According to the report, Vietnam is a key beneficiary of China plus manufacturing strategies due to close geographical proximity and wider regional/global connectivity.
Aside from its strategic location, Vietnam remains cost-effective with significantly lower labour costs compared to China. Further benefits come from a balanced mix of high value manufacturing such as electronics and low value manufacturing such as garments, footwear and food.
In its report, Cushman & Wakefield said that the ASEAN bloc is fast establishing itself as a major growth focus within the Asia-Pacific, attracting healthy levels of foreign direct investment which are expected to reach at record peak in 2022 of 223 billion USD.

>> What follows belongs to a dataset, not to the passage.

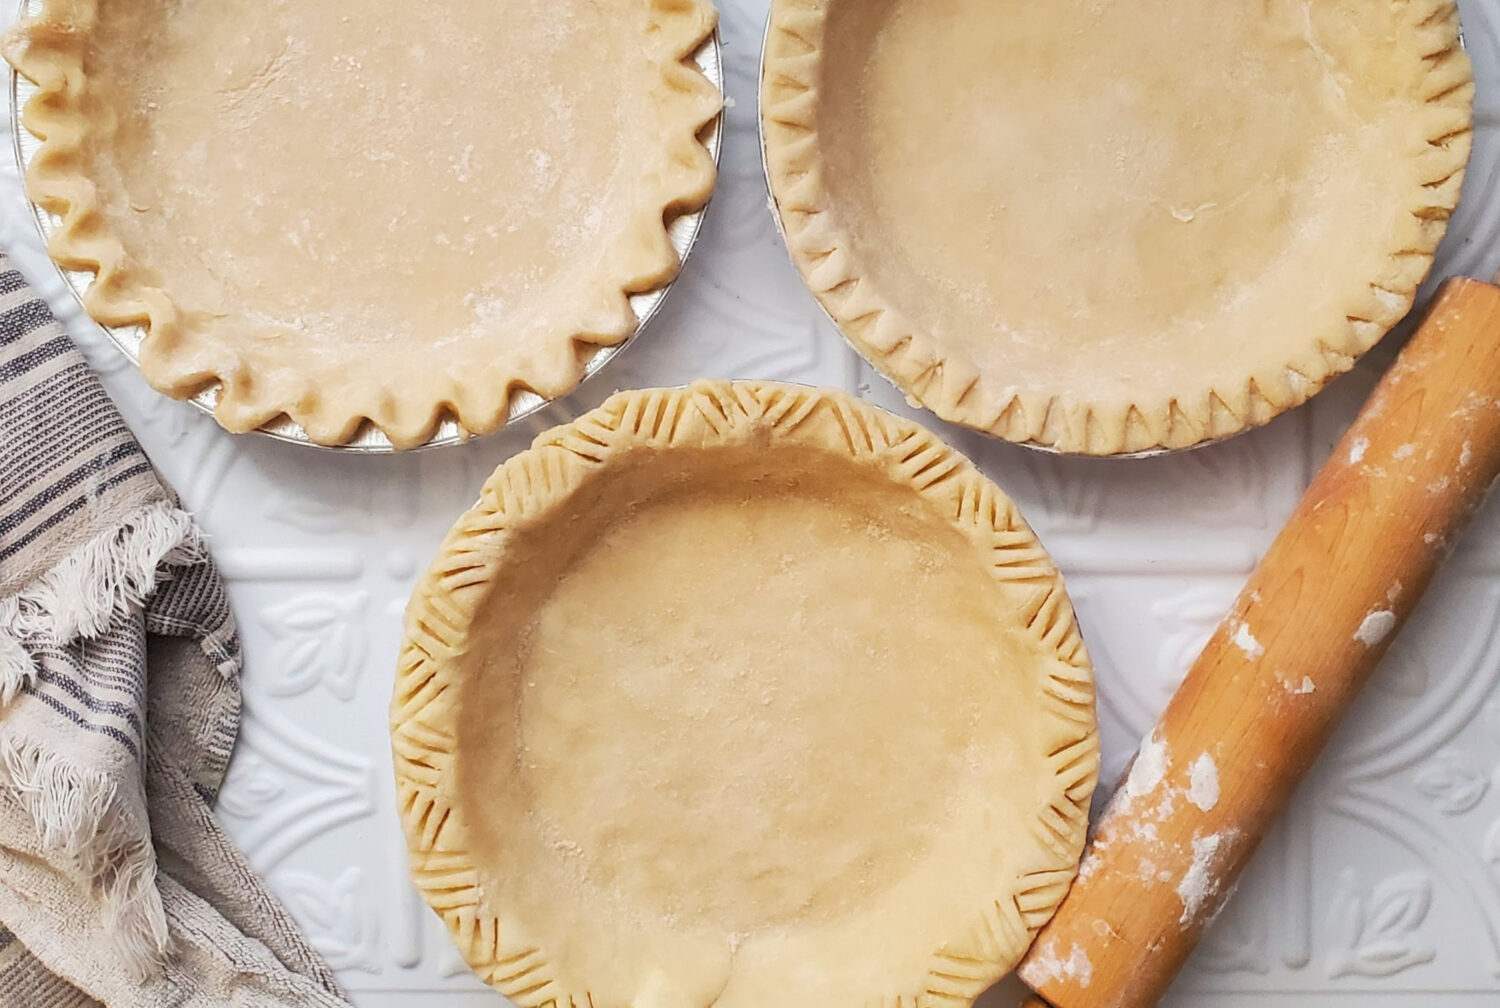 English Wig Pie Pastry is a butter crust, with egg & vinegar, which bakes into a golden flakey tender crust. Perfect for savory or sweet pie.

Much of this growth has come as US- and European-based corporations continue to expand and diversify their operations within the region, though Chinese manufacturers also continue to expand their presence. The northern region of Vietnam, such as Hai Phong and Hanoi, has attracted strong investment from China’s and the Republic of Korea’s manufacturers given its close proximity as well as its strong geographical connectivity regionally and globally, it added.